*** Block opens ***

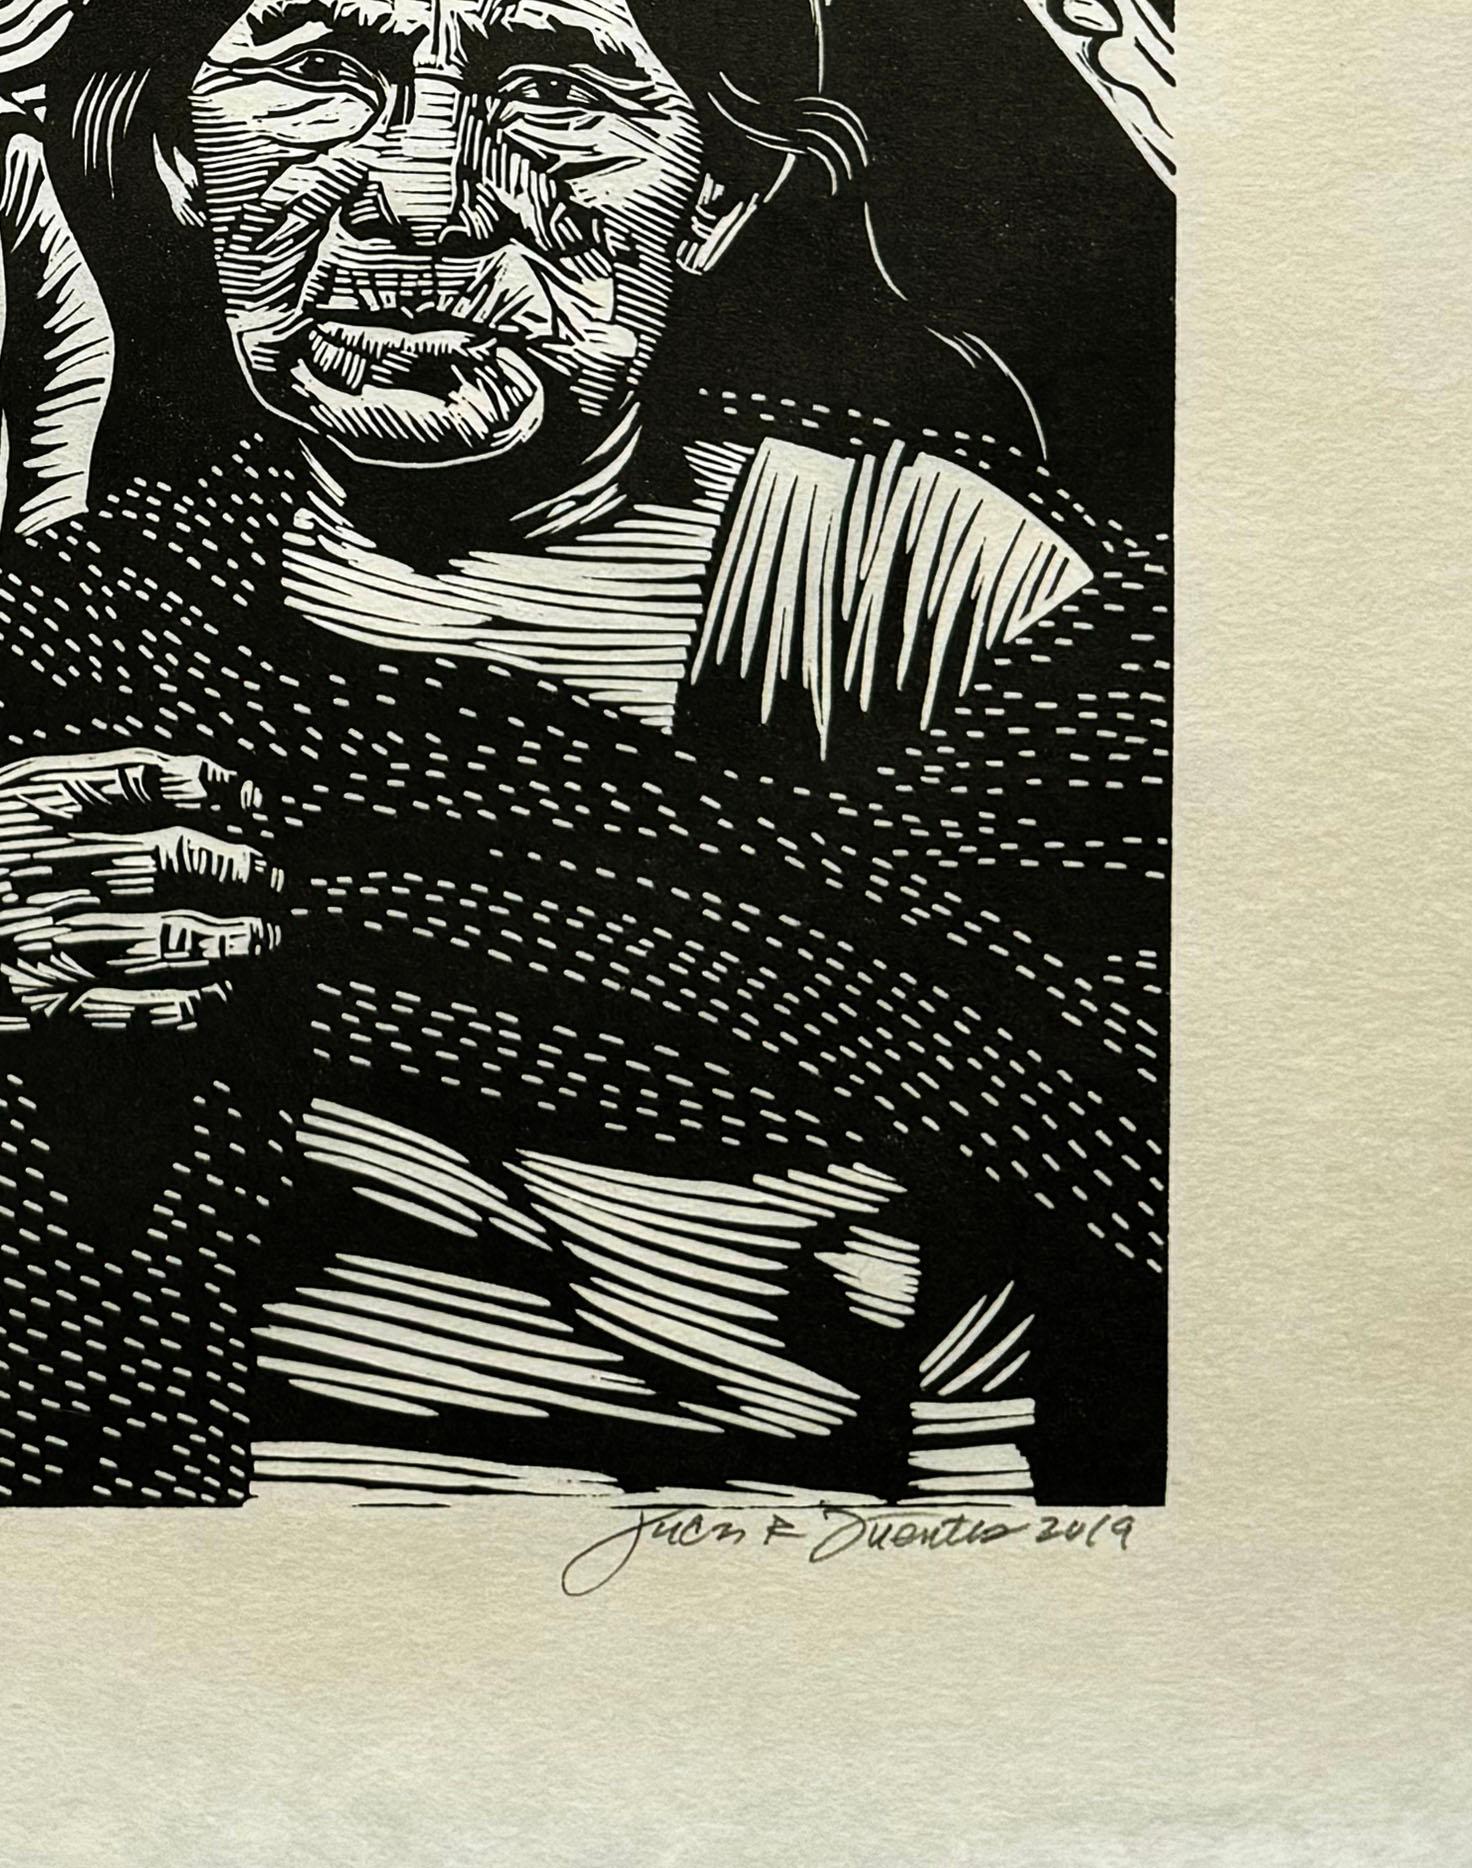 Medium: linocut
Year: 2023
Image Size: 24 x 18 inches
Edition Size: 10

An hommage to all those immigrants who die on the journey as they seek asylum in new countries.

As a cultural activist/artist/printmaker, Juan Fuentes has dedicated his career

*** Block closes ***

For this exercise, transcribe the data above line by line, exactly, with pictures omitted.

◆ Your response:
 Medium: linocut
Year: 2023
Image Size: 24 x 18 inches
Edition Size: 10

An hommage to all those immigrants who die on the journey as they seek asylum in new countries.

As a cultural activist/artist/printmaker, Juan Fuentes has dedicated his career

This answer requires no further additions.